While the main clusters of alkali bee beds are south of the proposed new roadway, Suing said there will be losses among bees flying from beds located in the vicinity of the proposed route.

“We’re sensitive to that,” he said. “We’ll be looking at each individual parcel to assess the impacts to each owner.”

But Tompkins said that in his conversations with people in the area, the concerns run deeper regarding the loss of bees exposed traffic on a wider expanse of roadway.

“The idea to buy land at fair market value is one thing, but what about the impact to future generations?” he asked, referring to the effect a loss of pollinating bees could have on crop yields.

Suing said solutions are being sought, including possibly relocating bee beds.

“We’re definitely looking into that,” he said.

“I just want to make sure that we can, to the best of our ability, take care of these people,” Tompkins answered.

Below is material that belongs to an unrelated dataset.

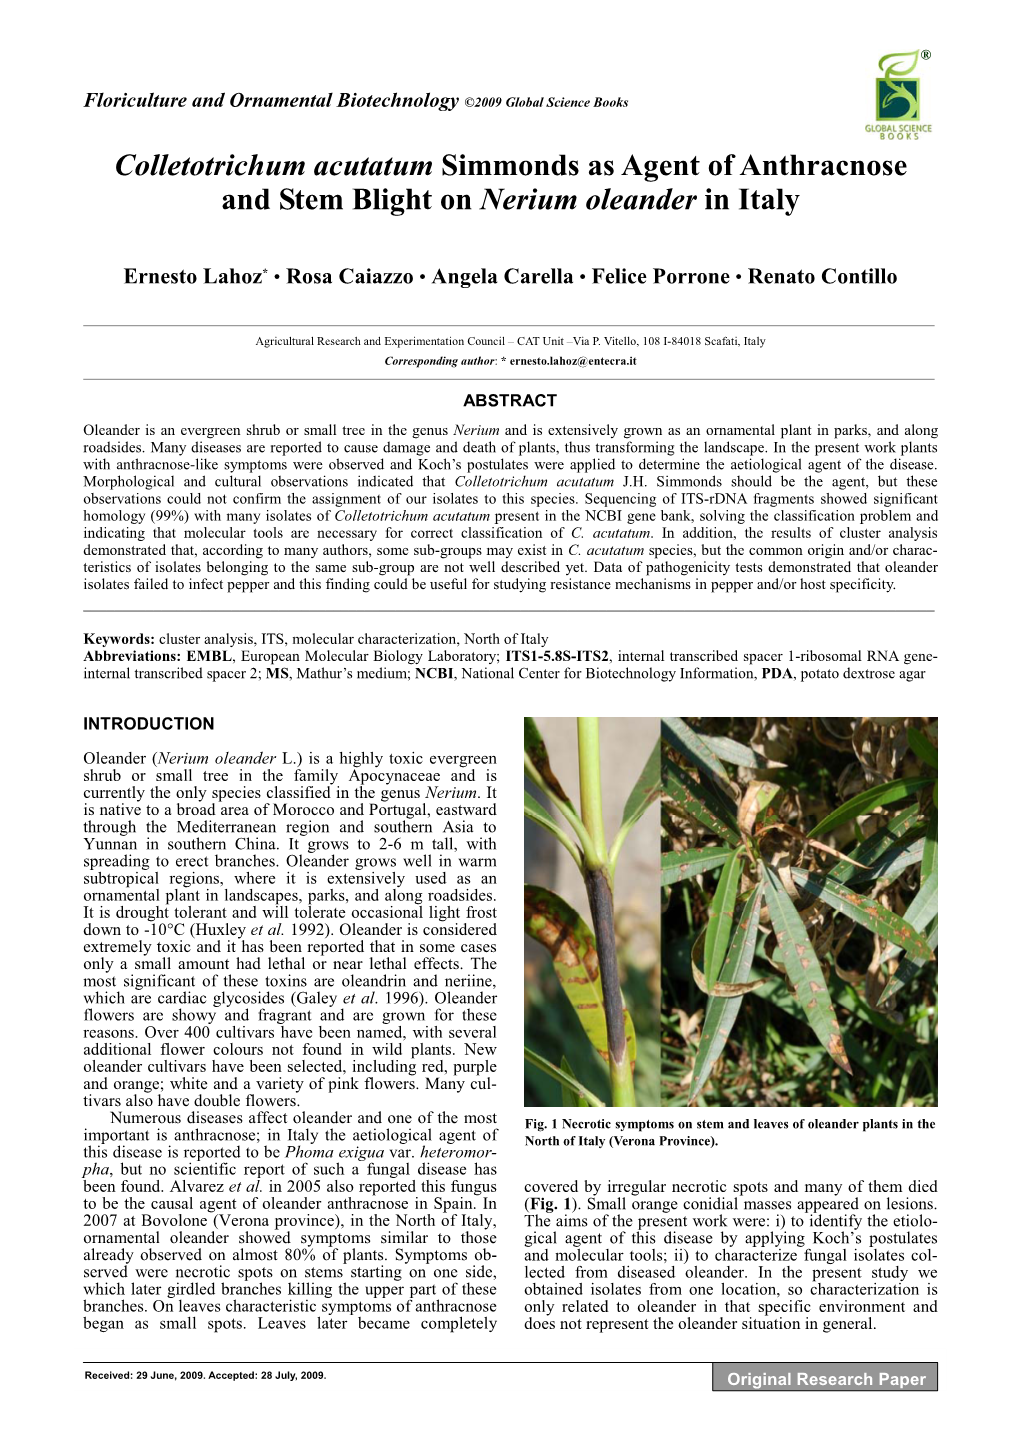 Colletotrichum Acutatum Simmonds As Agent of Anthracnose and Stem Blight on Nerium Oleander in Italy

In regard to intersections, Suing said the four major crossings will be at Lower Dry Creek-Buckley Road, Woodward Canyon Road, Touchet North Road and Nine Mile Road.

Current plans call for Nine Mile Road and Touchet North Road to go under the roadway with connecting roadways to access Highway 12. The remaining two intersections will have at-grade crossings similar to those on the present four-laned sections of the highway.

Bridging the Touchet River presents its own challenges, Suing said. Although the stream appears to run in a relatively narrow channel, the area widens considerably during floods, which would demand a much longer, more expensive bridge to clear.

However, engineers believe the issue can be solved by building a 250-foot span over the river along with culverts to channel floodwaters away, he said.